WORK TO BE COMPLETED -
Below is a listing. Return the lines from the one that contains "home care health" to the one that contains "Brand New Louis", both ends included, verbatim and with no pictures.

PROVIDED MATERIAL -
——

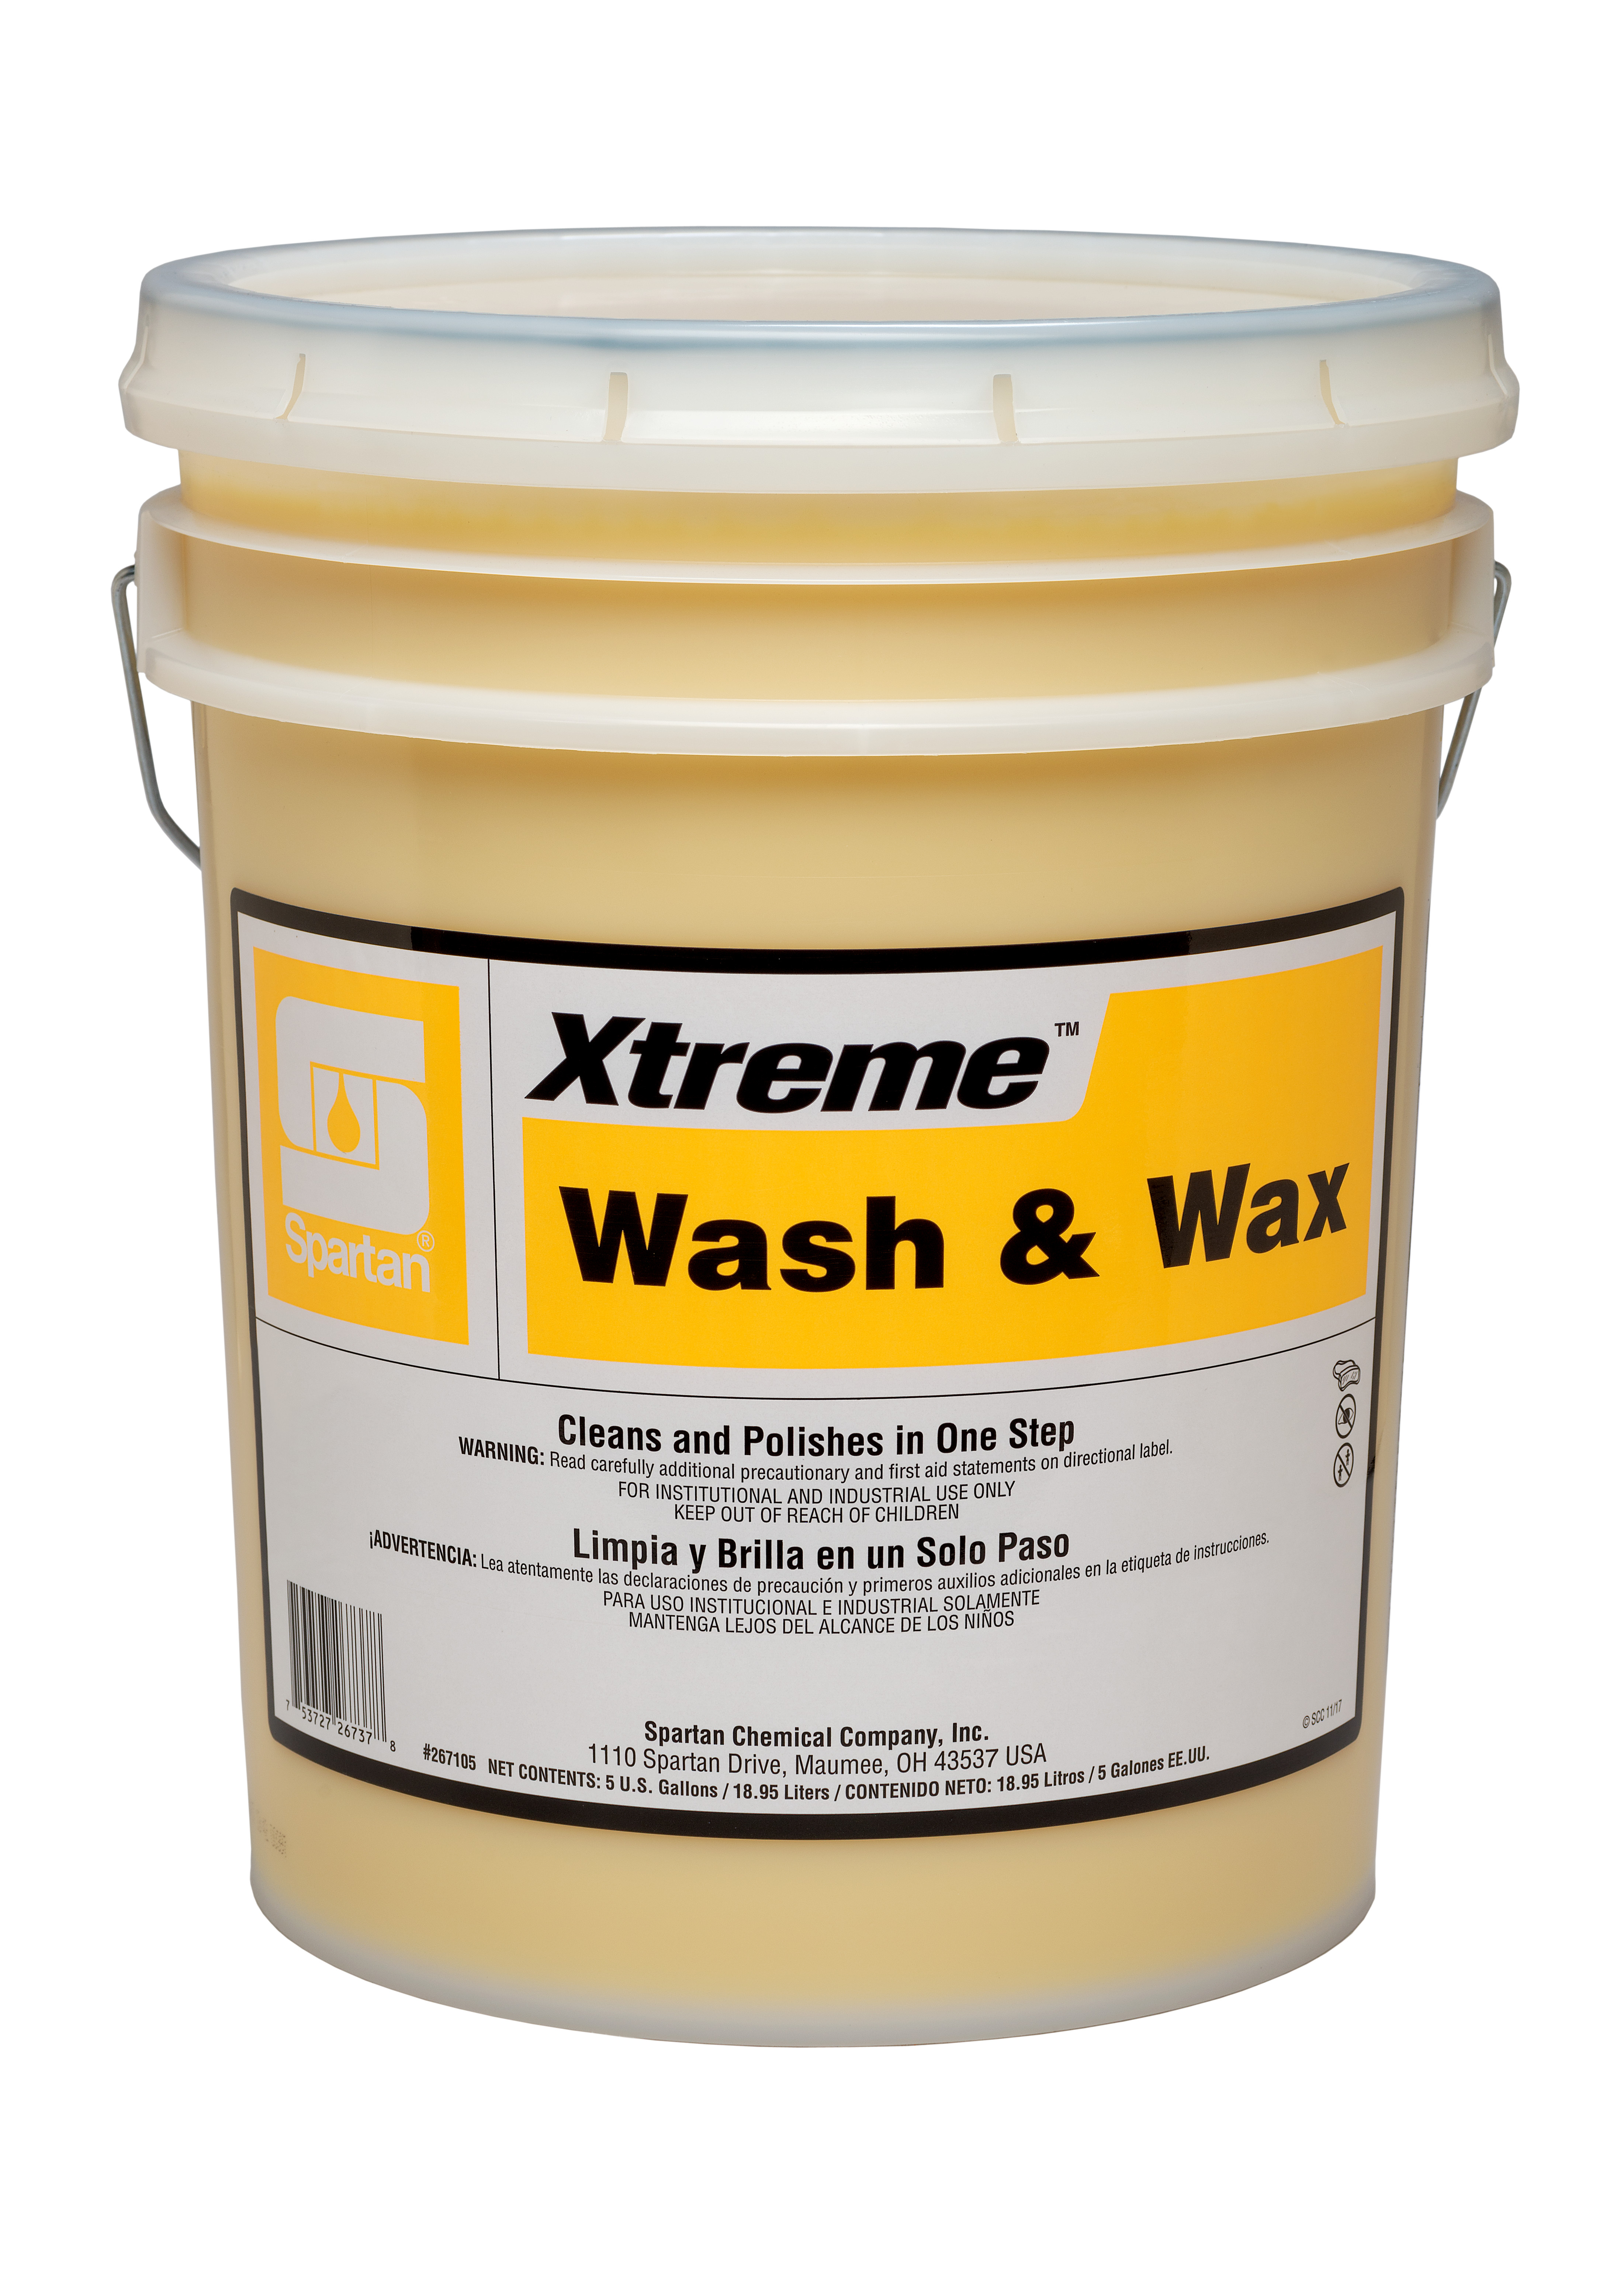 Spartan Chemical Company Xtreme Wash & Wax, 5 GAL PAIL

——

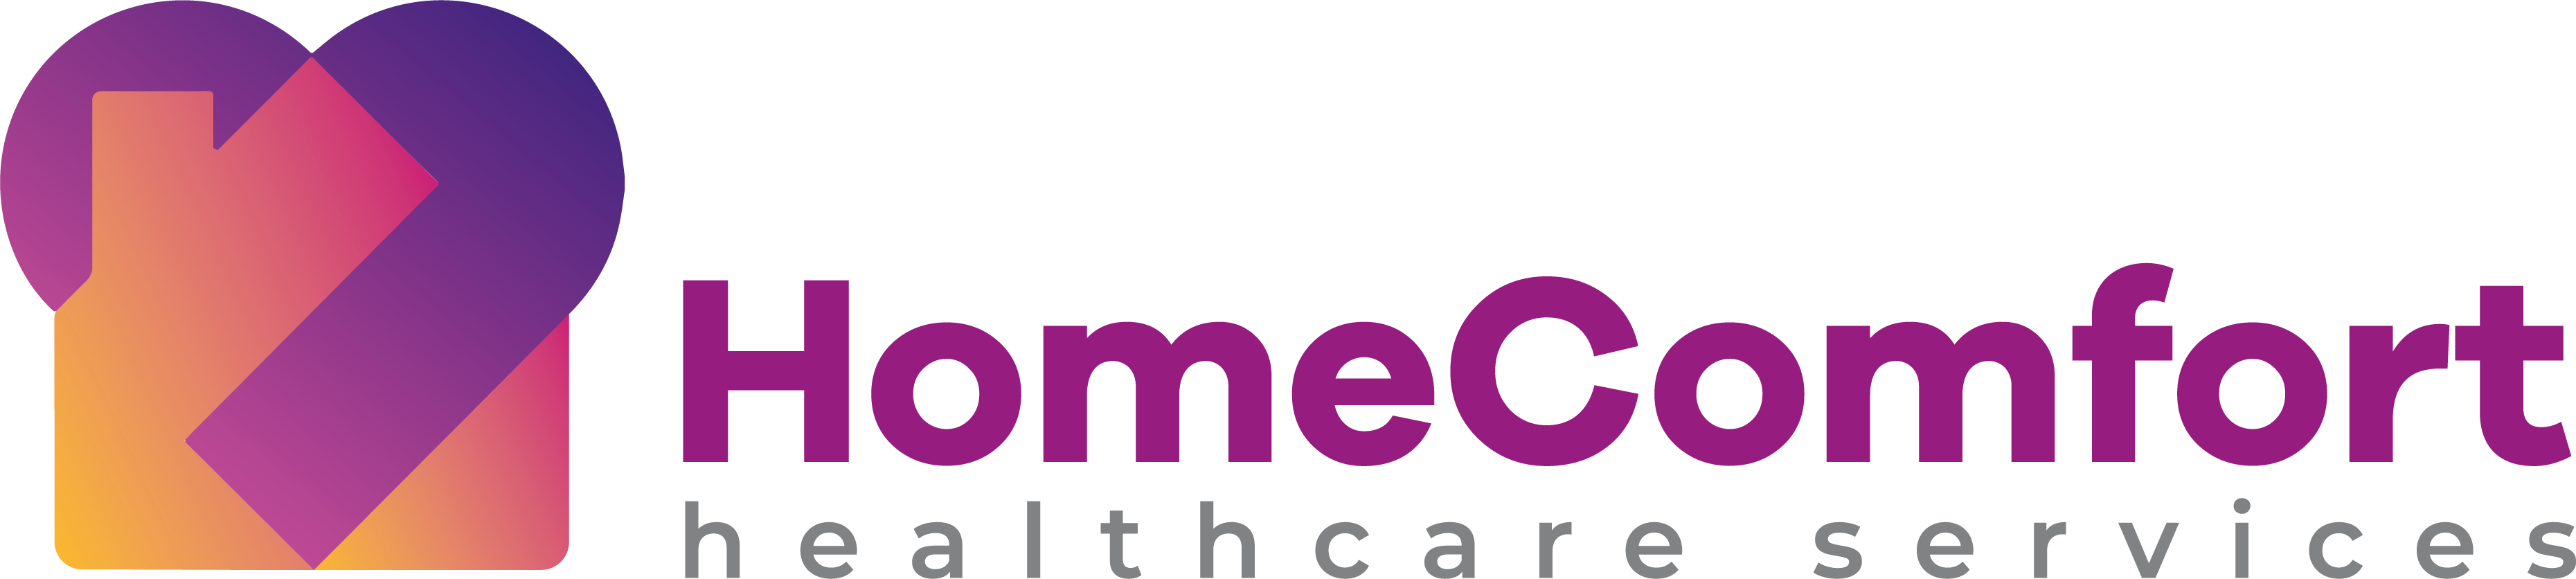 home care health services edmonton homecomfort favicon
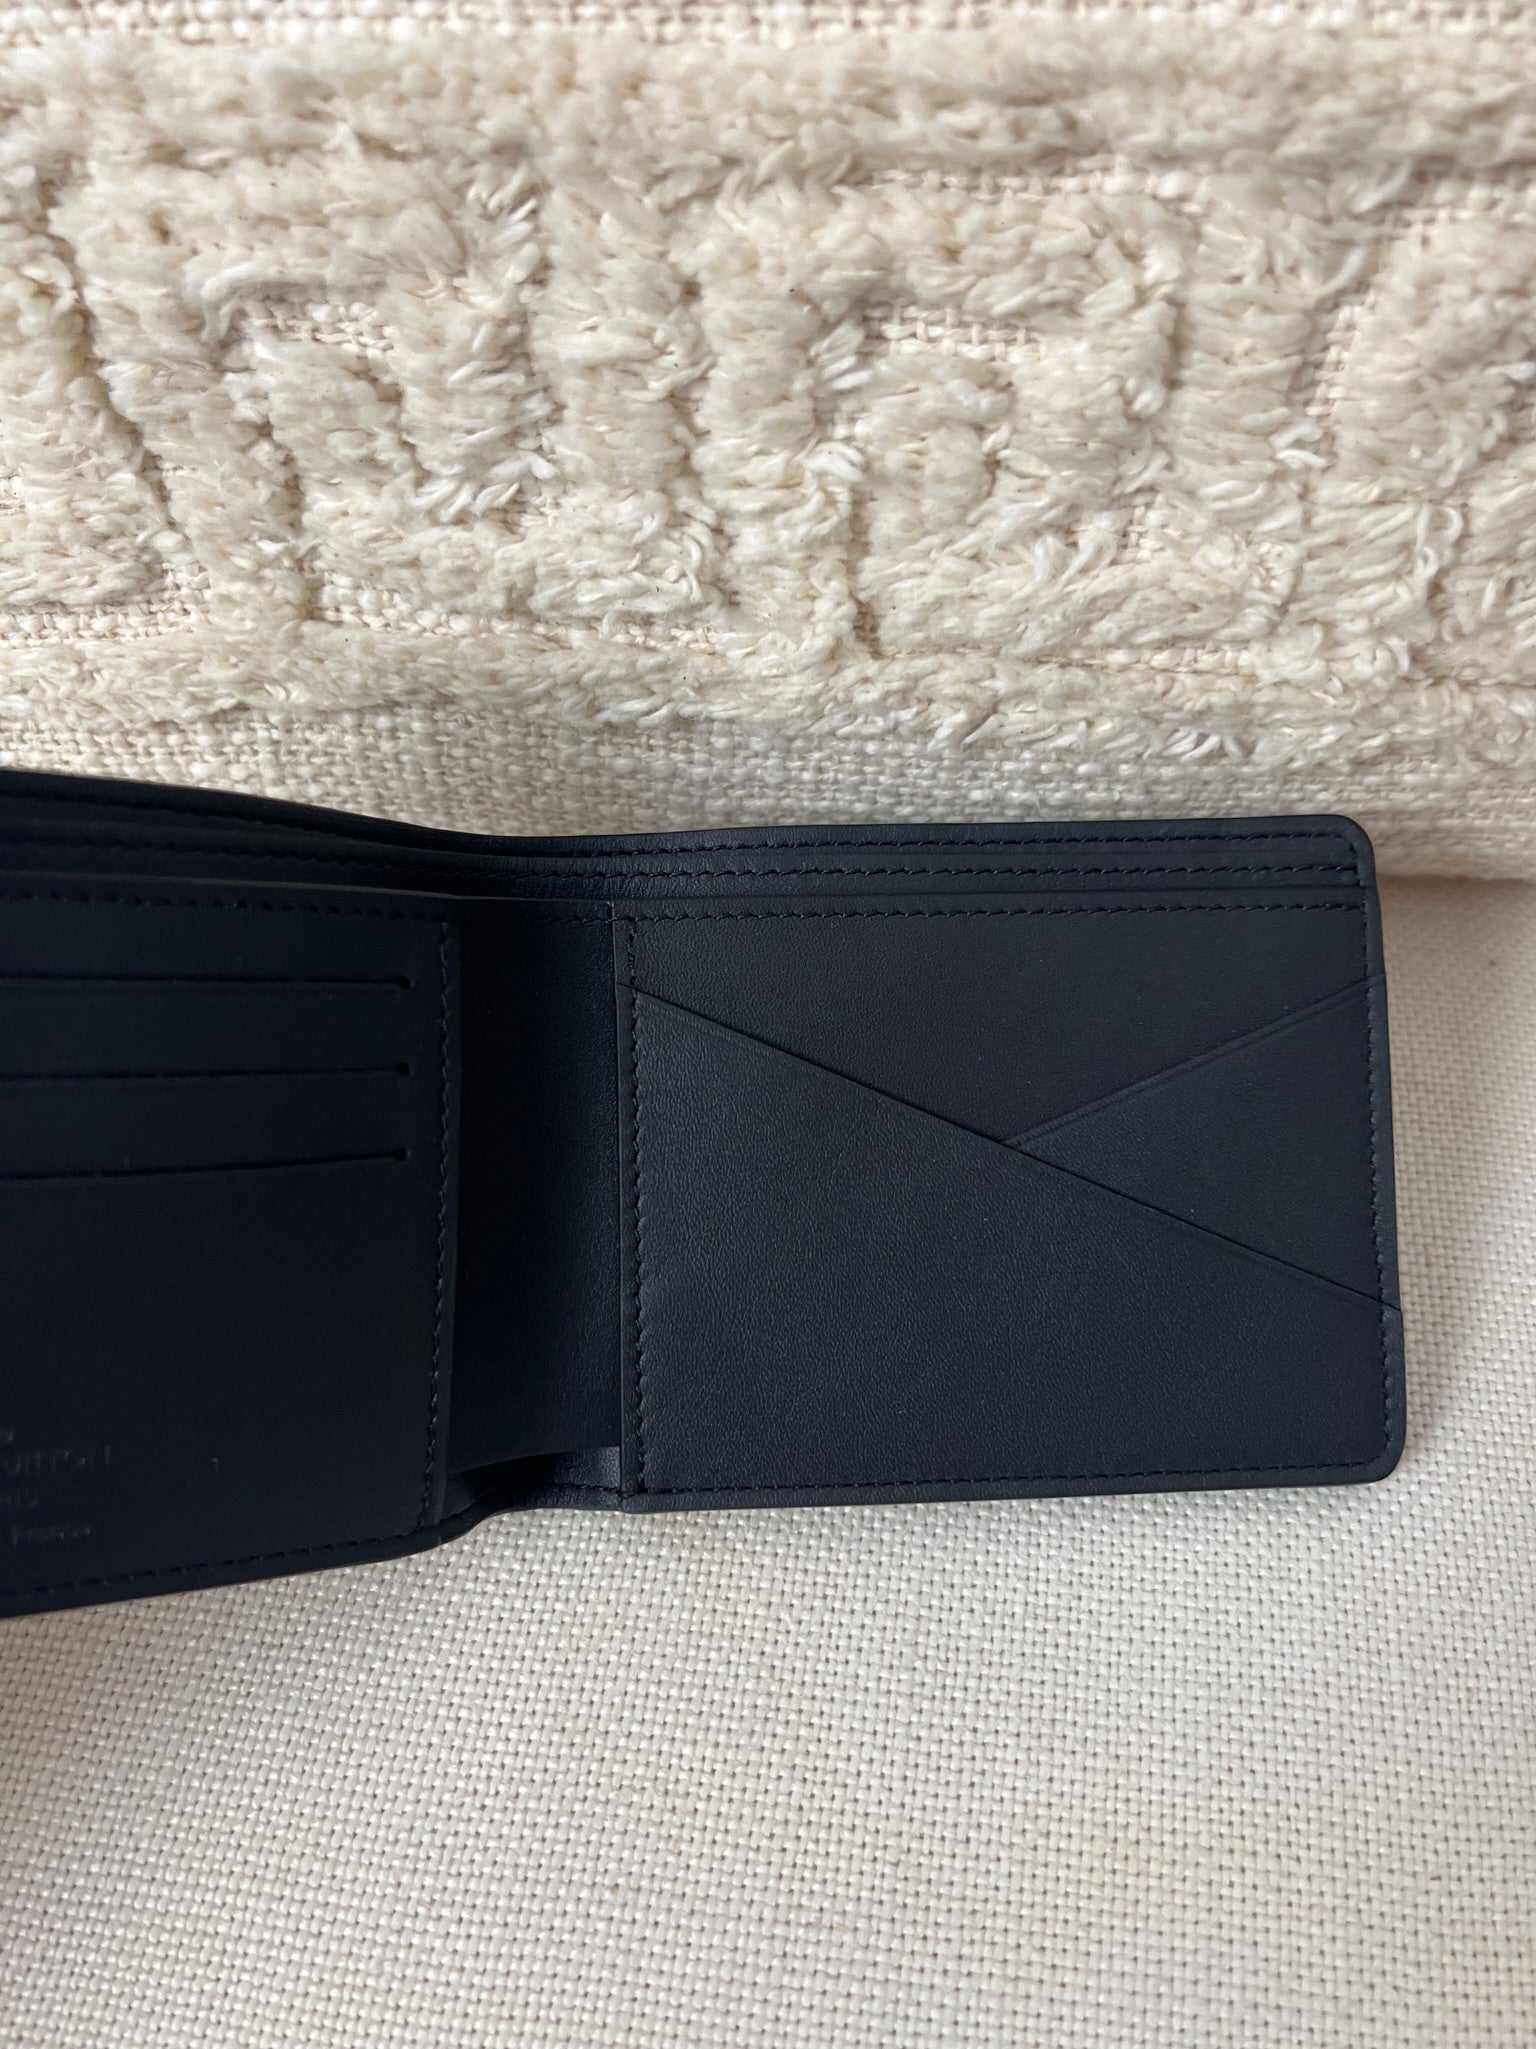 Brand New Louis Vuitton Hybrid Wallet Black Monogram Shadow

——

EXERCISE RESPONSE -
 home care health services edmonton homecomfort favicon
 Brand New Louis Vuitton Hybrid Wallet Black Monogram Shadow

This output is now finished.